[Collected material Boundary: Start]
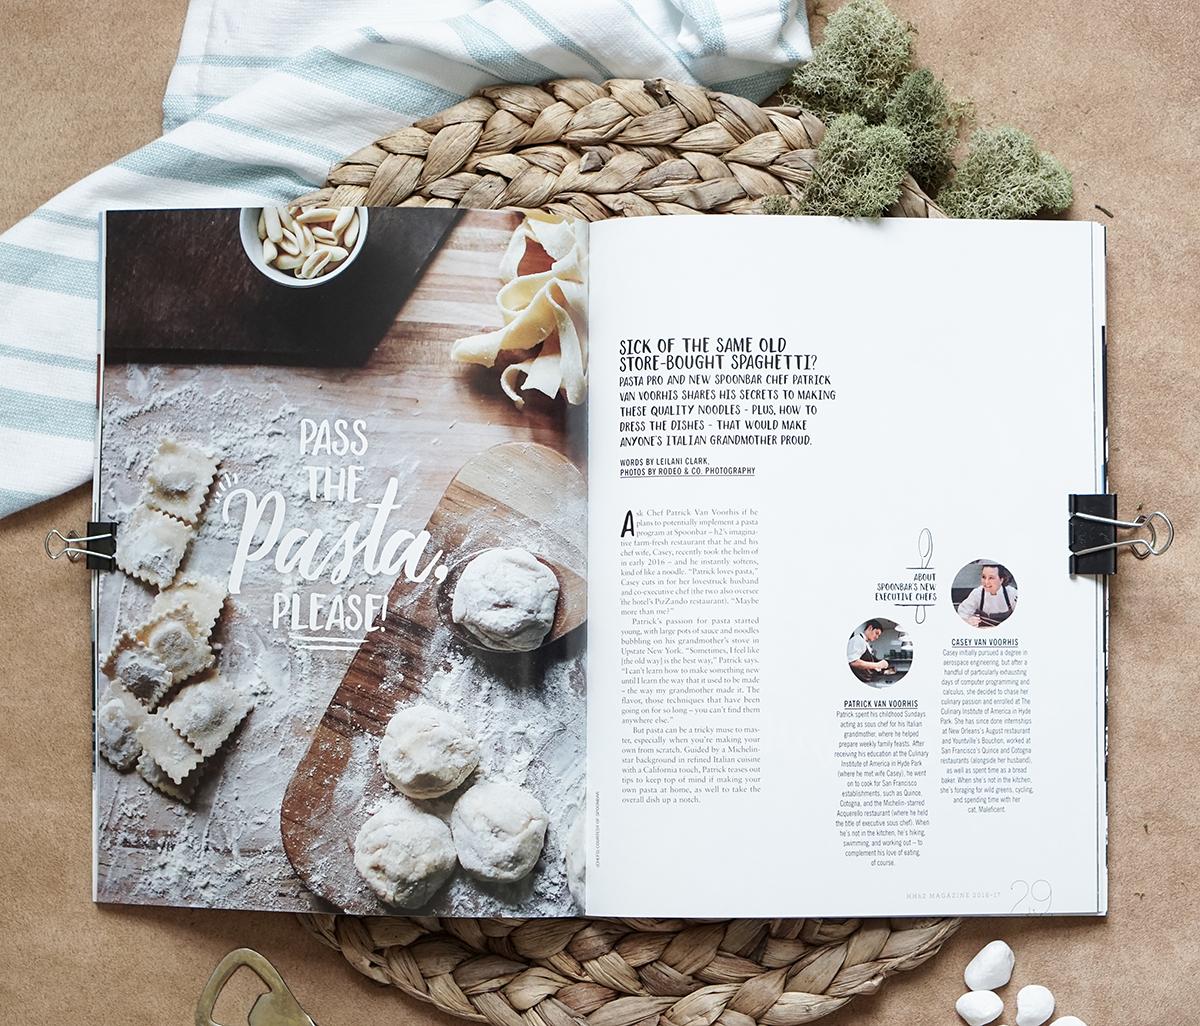 Feature Layout: Hotel Healdsburg Magazine. Pass the Pasta Please
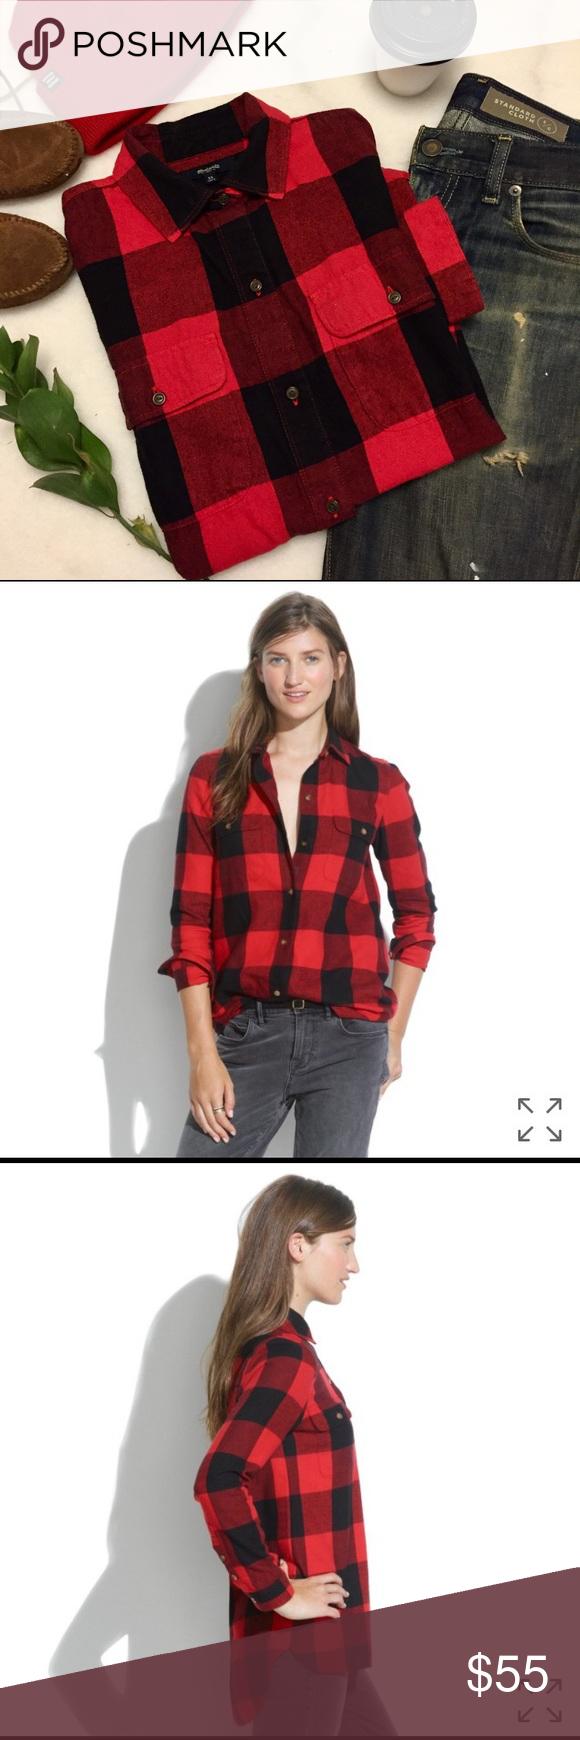 Flannel shirt xs  Madewell Plaid
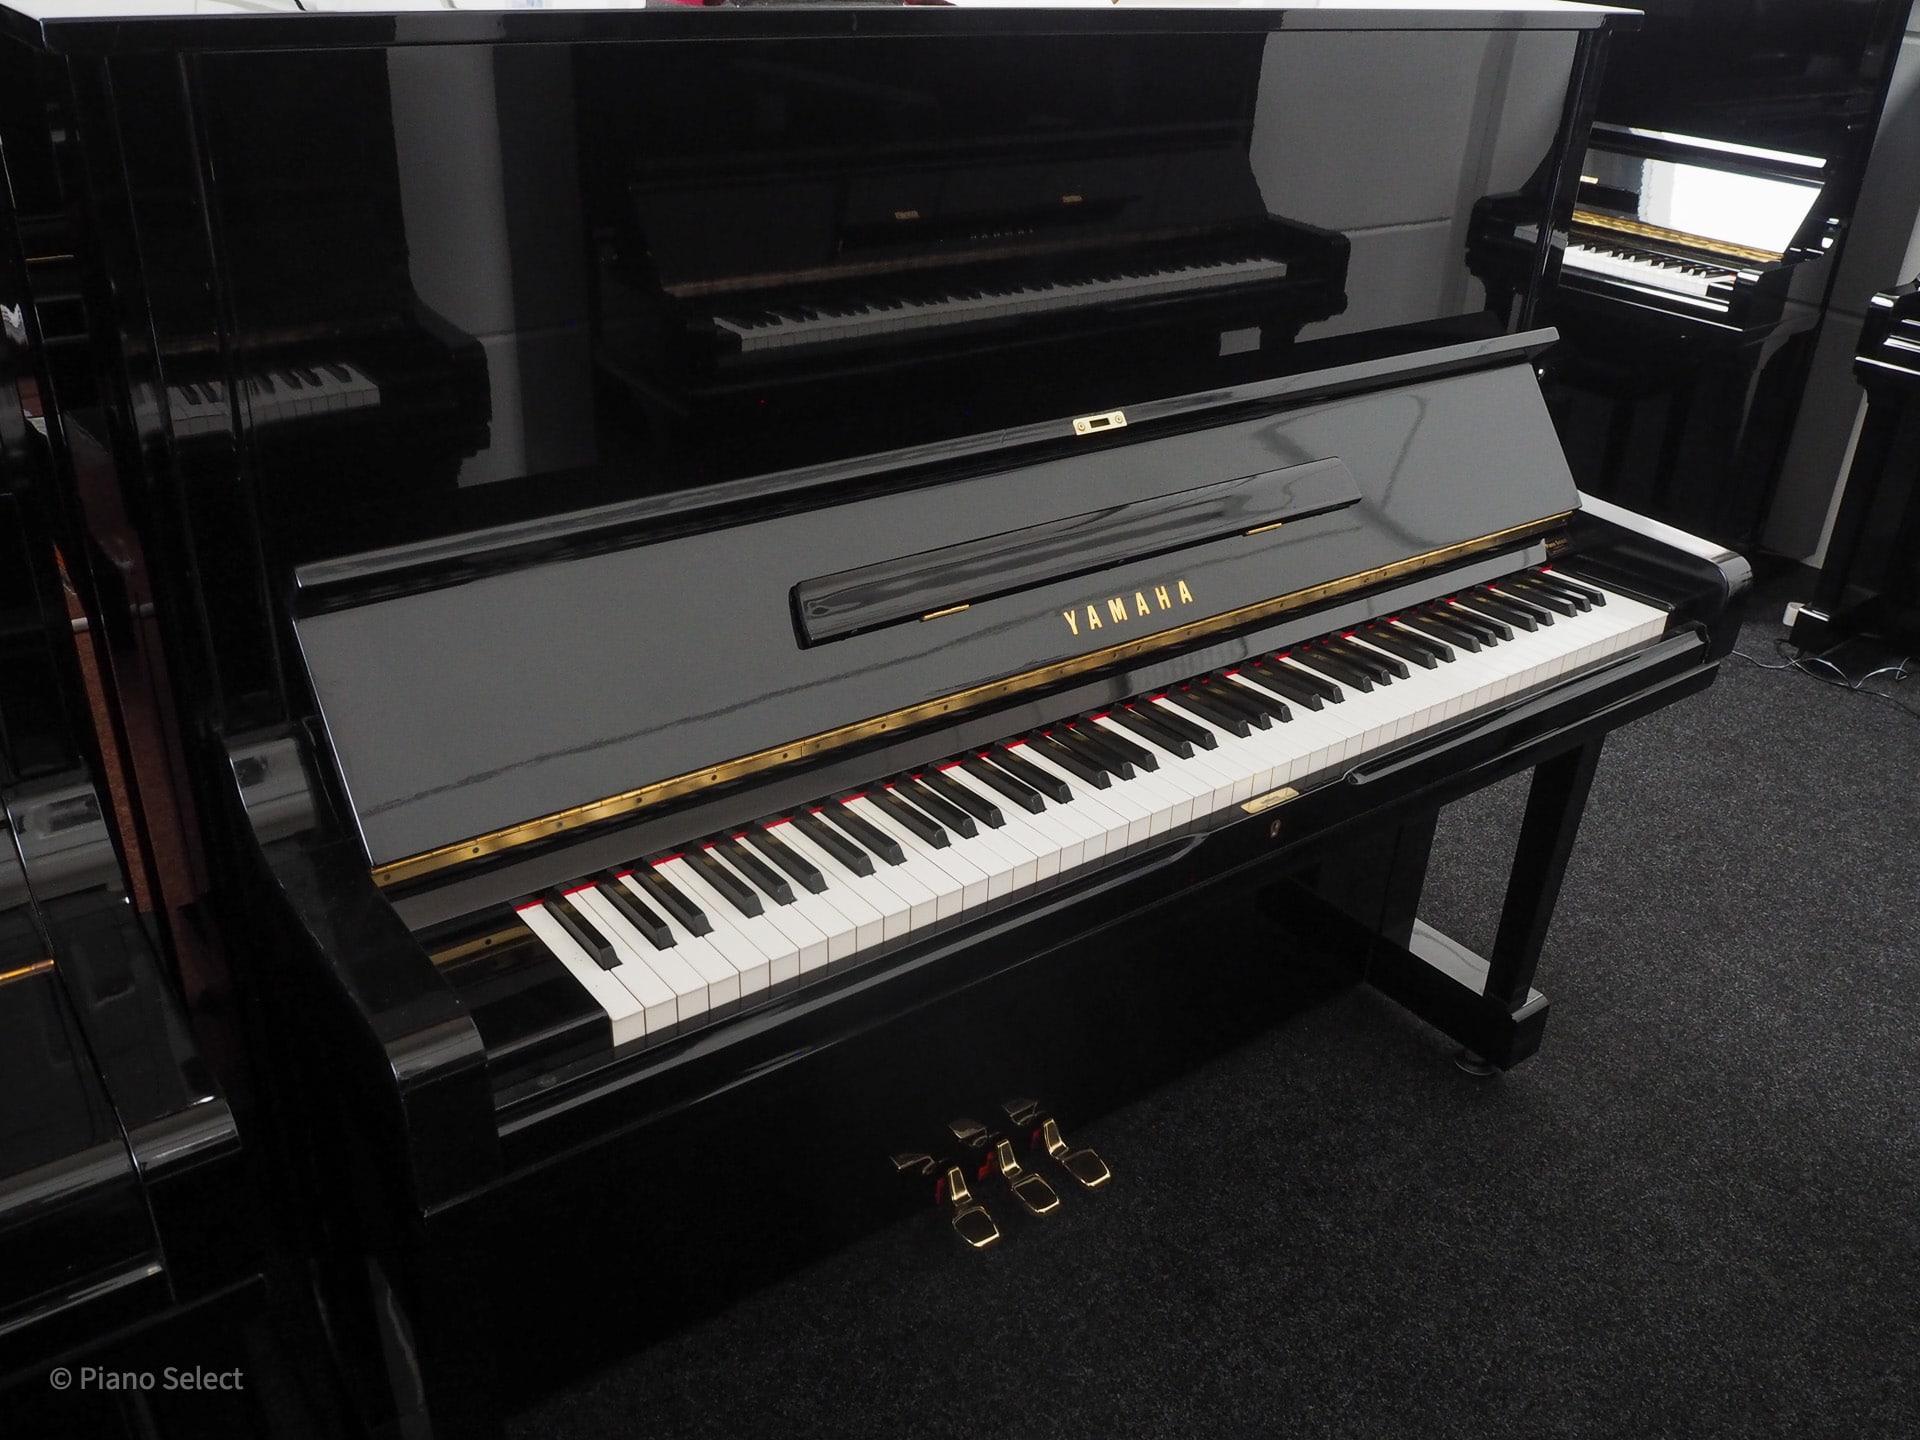 Yamaha U3H piano
[Collected material Boundary: End]
Exercise details => Return the material word for word. Pictures are not part of the copy.

Task solution =>
 Feature Layout: Hotel Healdsburg Magazine. Pass the Pasta Please
 Flannel shirt xs  Madewell Plaid
 Yamaha U3H piano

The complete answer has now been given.